В. С. Шухов, доктор медицинских наук, профессор
Л. Б. Лазебник, доктор медицинских наук, профессор
А. В. Шухова
Г. Е. Коноплева, кандидат химических наук
Е. Д. Ли, кандидат медицинских наук

Атеросклероз и связанные с ним сердечно-сосудистые заболевания среди населения промышленно развитых западных стран занимают первое место в ряду причин смертности от неинфекционных болезней.

В основе гипотезы атерогенеза лежит повреждение клеток сосудистого эндотелия. Достоверно установленной причиной атеросклеротических изменений в сосудах являются нарушения липидного профиля с повышением концентрации общего холестерина в крови. Наиболее агрессивными являются липопротеиды низкой плотности (ЛПНП). Окисленные ЛПНП повреждают эндотелий и внутреннюю оболочку сосудов, провоцируя образование атеросклеротических бляшек.

Поврежденный эндотелий утрачивает свою способность продуцировать эндогенные вазодилатирующие вещества, что при определенных обстоятельствах проявляется склонностью к возникновению спазмов, в частности, коронарных артерий.

Эпидемиологические исследования, проводившиеся в разных странах, показали, что особенности национального либо регионального характера питания (количество и качество потребляемых жиров) способны активно влиять на содержание холестерина в крови и на летальность от осложнений сердечно-сосудистых заболеваний.

В настоящее время имеются убедительные доказательства того, что гиперхолестеринемия, наряду с артериальной гипертензией и курением, является одним из основных потенциально обратимых факторов риска развития ИБС и других клинических форм атеросклероза.

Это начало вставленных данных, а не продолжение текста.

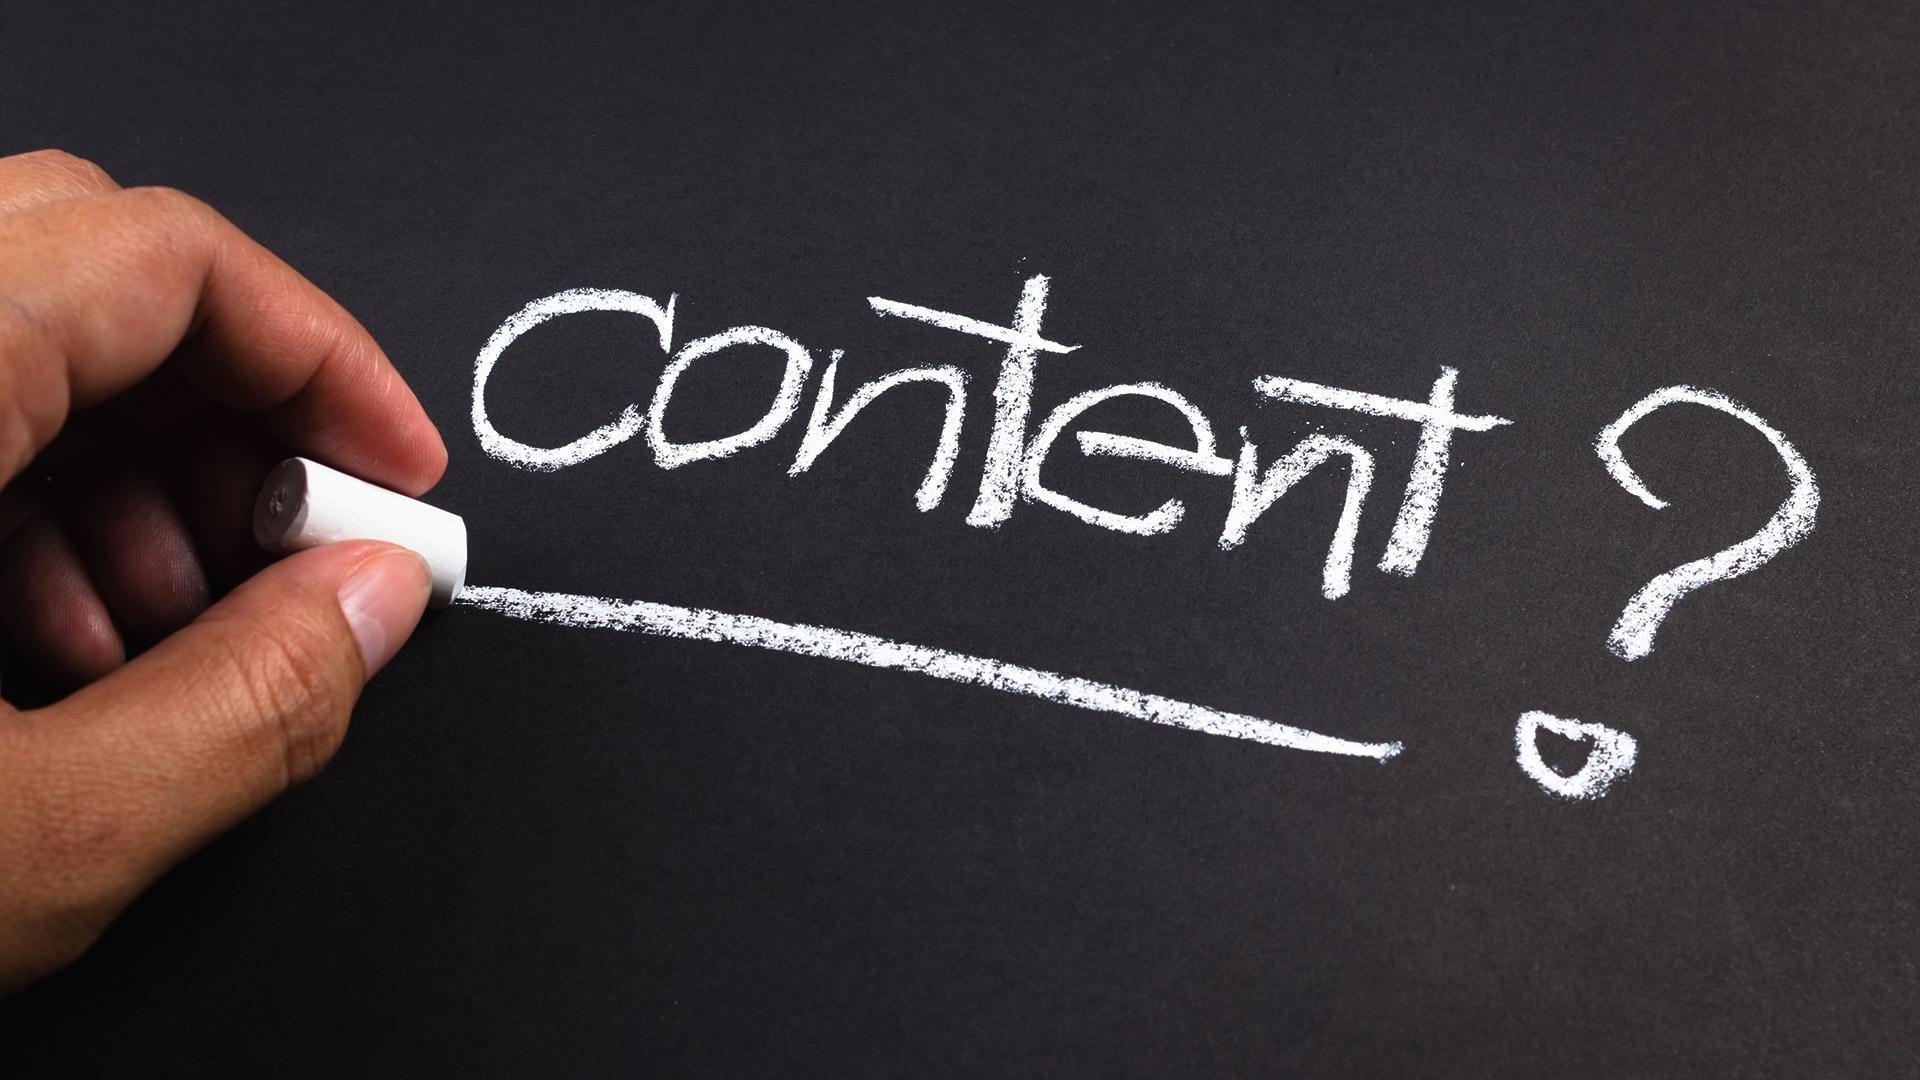 Content là một yếu tố rất quan trọng đối với thương mại điện tử hiện nay

Согласно рекомендациям Европейского общества кардиологов, Общества по атеросклерозу и гипертонии, активность воздействия на каждый из факторов риска должна значительно увеличиваться при высоком общем уровне риска и быть умеренной при низком суммарном риске. Человек с несколькими, даже умеренно выраженными факторами риска может иметь больший суммарный риск ИБС, чем человек с одним, резко выраженным фактором.

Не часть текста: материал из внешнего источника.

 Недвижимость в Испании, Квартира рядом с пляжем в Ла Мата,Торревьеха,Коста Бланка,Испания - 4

Липопротеиды представляют собой комплексы производных липидов с белками и являются транспортными формами липидов. Благодаря своей растворимости в водной среде они способны переносить липиды, поступающие в кровь при всасывании из кишечника, а также распределять липиды между тканями. Различное содержание отдельных классов липидов в липопротеидах указывает на преимущественный перенос ими соответствующих липидов. Деление липопротеидов на классы основано на различиях в их плотности.

Фраменгамское исследование показало, что как у мужчин, так и у женщин старше 55 лет существует корреляционная связь между частотой ИБС и концентрацией холестерина ЛПНП в крови. Было также установлено, что между содержанием фракции холестерина липопротеидов высокой плотности (ЛПВП) в крови и частотой острого инфаркта миокарда имеется тесная обратная зависимость, таким образом, низкий уровень в крови холестерина ЛПВП является прогностически неблагоприятным.

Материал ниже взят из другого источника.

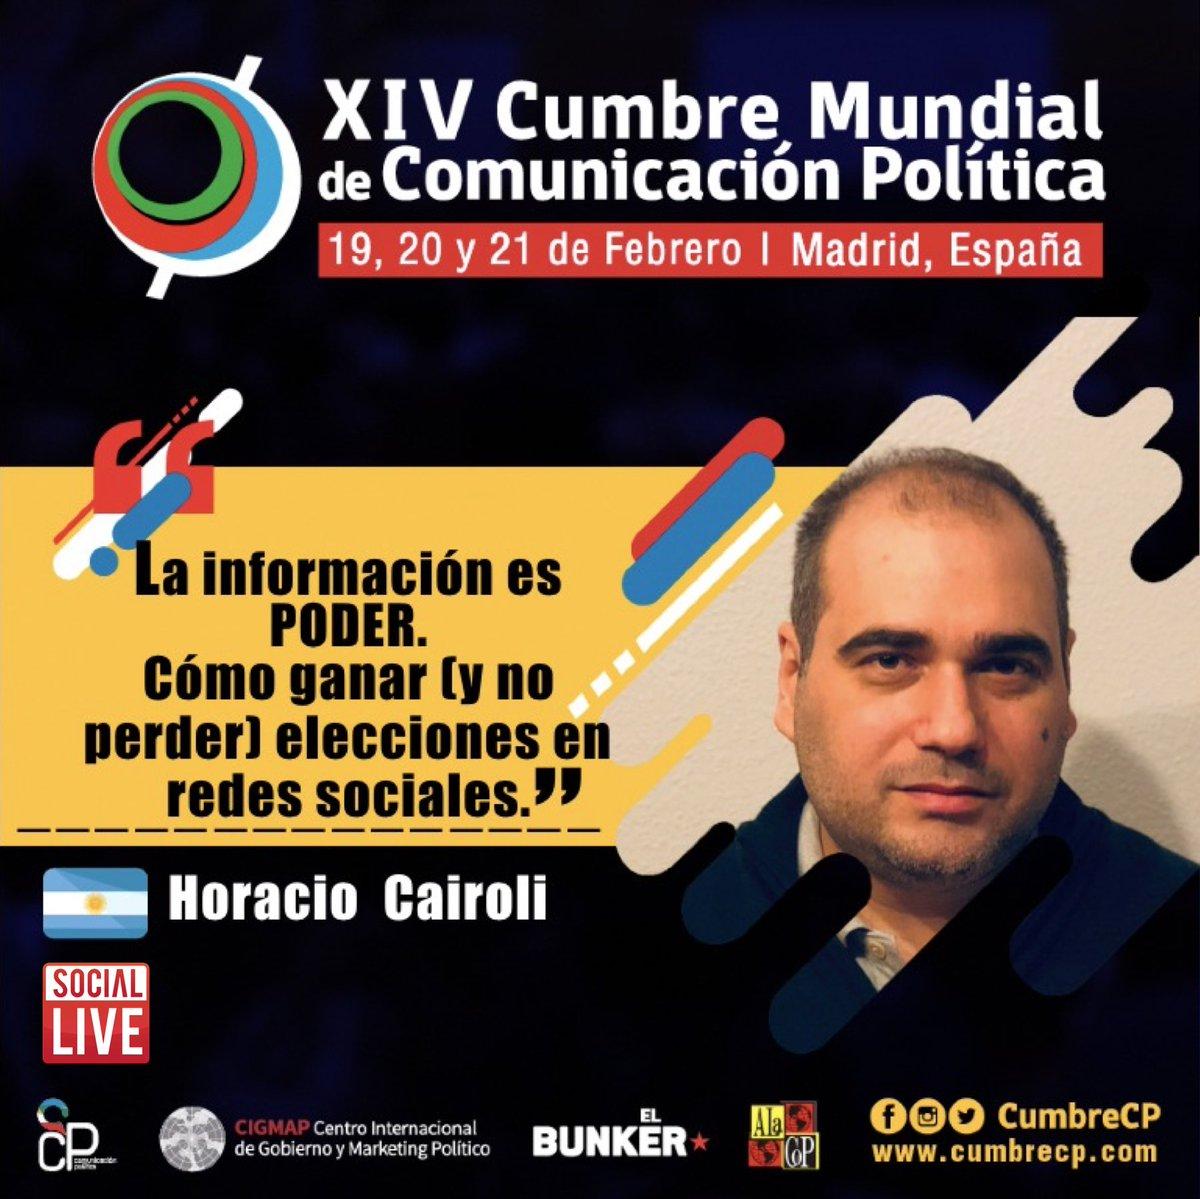 Horacio Cairoli, Co-Fundador de SocialLive, estará compartiendo nuestra experiencia en el monitoreo de redes sociales en campañas políticas y gestión de gobierno. Cumbre Mundial de Comunicación Política Madrid. #cumbrecp https://t.co/y9PK6FUfXy

Следует ориентироваться не только на уровни общего холестерина, но и на уровень холестерина ЛПНП. Международные эпидемиологические исследования показали, что половина всех случаев смерти от ИБС обусловлена содержанием общего холестерина в сыворотке крови выше 253 мг/дл.

Повышение содержания холестерина в крови, которое происходит после 20 лет, связано с увеличением уровня холестерина ЛПНП, несущих холестерин к стенкам сосудов.

Для оценки состояния липидного обмена и риска развития ИБС недостаточно определения только общего холестерина, так как изменение содержания его в крови может произойти на трех разных метаболических уровнях: поступление экзогенного холестерина, транспорт холестерина в плазме и метаболизм холестерина в печени. Для расчета содержания холестерина ЛПНП необходимо определение уровня общего холестерина (ОХС), триглицеридов и холестерина ЛПВП.

Наиболее часто индекс атерогенности рассчитывается по отношению (ОХС — ХС ЛПВП)/ ХС ЛПВП.

При индексе атерогенности, равном < 3,5, риск развития ИБС считается минимальным. У 95% больных ИБС с индексом атерогенности более 5,2 отмечается стенозирующий атеросклероз венечных артерий сердца. Низкий уровень холестерина ЛПВП, как правило, сочетается с повышенным содержанием триглицеридов и холестерина ЛПНП в крови и наблюдается при ожирении, гиподинамии, у курящих. Установлено, что содержание холестерина ЛПВП ниже 39 мг/дл (1 ммоль/л) у мужчин и ниже 43 мг/дл (1,1 ммоль/л) у женщин увеличивает общий риск развития ИБС при любых уровнях других липидов.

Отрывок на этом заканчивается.